Выехавшие николаевские парламентеры оказались срублены метким снайперским огнем и больше, по счастью, не наблюдалось желающих с той стороны вступать с нами в переговоры. Среди погибших оказался и Милорадович. От судьбы, что называется, так просто не уйдешь!
А выдвинувшиеся вперед пикеты стрелков Московского полка, смешанные с моряками, по моему приказу открыли огонь по начавшей активничать николаевской кавалерии. Эти пикеты московцев были мною хорошо проплачены. Набраны московцы были при помощи рядового л.-гв. Московского полка Николая Поветкина, с которым мы очень быстро нашли общий язык и достигли полного взаимопонимания. Тянул солдатскую лямку Поветкин уже одиннадцатый год, службу знал, на царей ему было плевать, не менее важным для меня было и то обстоятельство, что Николай пользовался авторитетом у сослуживцев. Стрелять по николаевцам я приказал специально. Переговоров, а уж тем более «братаний» противоборствующих войск и тому подобных событий никак нельзя было допустить!
Начавшаяся перестрелка моментально очистила близлежащие к Сенатской площади улицы от толп народа, ранее забрасывавших войсковые колонны николаевцев камнями и поленьями. Как и в той истории, простой столичный люд таким экстравагантным способом, выражал сочувствие мятежникам.

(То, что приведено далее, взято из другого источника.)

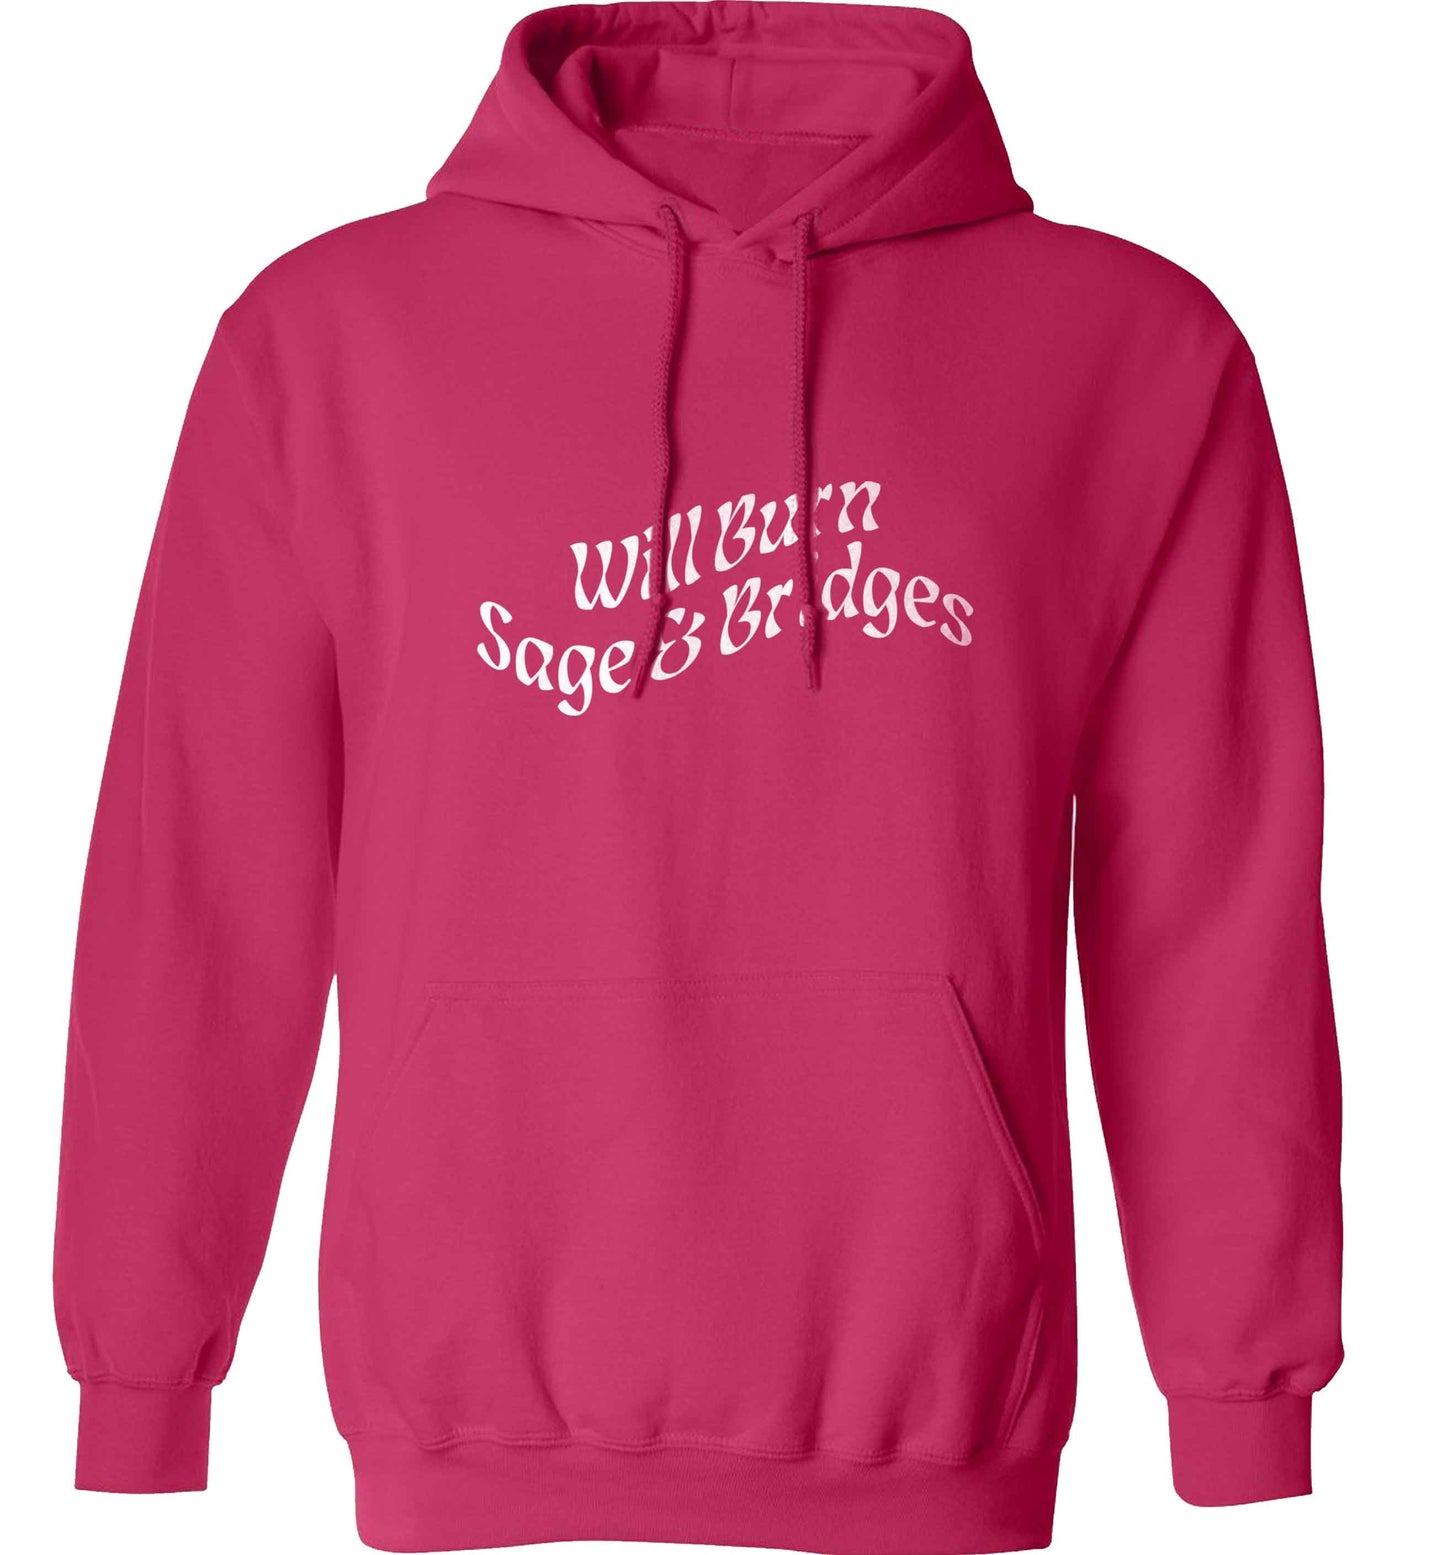 Will burn bridges and sage adults unisex pink hoodie 2XL

Когда на Адмиралтейской башне пробил час дня, а с Балтики стал задувать колючий ледяной ветер, на Сенатскую площадь прибежал до нельзя весёлый, прямо чумной Лев Пушкин. На ходу декламируя стихи брата, он размахивал неведомо откуда у него взявшимся полицейским палашом. Приблизившись к строю, он обнялся с Кюхлей, расхаживающим взад-вперед с огромным пистолетом, поздоровался с Пущиным, сообщив тому, что мои газеты и прокламации с компроматом на всех Романовых и программой Временного правительства уже вовсю распространяются по городу, собирая вокруг таких точек распространения взбудораженные толпы народа, откуда раздаются выкрики "Долой царей! Ура Временному правительству!", а по городу чернь начала вести погромы домов вельмож, но страдали и обычные магазины, лавки и трактиры.
Об этом чуть позднее мне сообщил Пущин. Впрочем, эта информация для меня уже давно не являлась тайной. Лично пообщаться с братом Пушкина у меня не получилось, поскольку в это самое время мы с действующими, посвященными в Заговор полковниками – от недавно принятого в Северное общество командира 12-го Егерского полка Булатова до одного из командиров Финляндского полка, заговорщика со стажем Моллера, при участии отставников – генерала Муравьевым и нескольких полковников, обсуждали приготовления противника и строили планы на наши собственные действия. Я сознательно тормозил процесс, медлил с наступлением на Дворцовую площадь, хотелось, чтобы в предстоящем Деле поучаствовали как можно больше войск. Хотя ещё сегодняшним утром мы могли взять Зимний без всяких трудностей, к Николаю на тот момент ещё просто физически не успевали подойти никакие подкрепления.
Тесная группа командиров со мной и начштаба Трубецким во главе, для пущей безопасности, располагалась внутри строя каре солдат Московского полка, и оттуда очень скоро понесся вестовой в сторону Петропавловской крепости. Решение было принято!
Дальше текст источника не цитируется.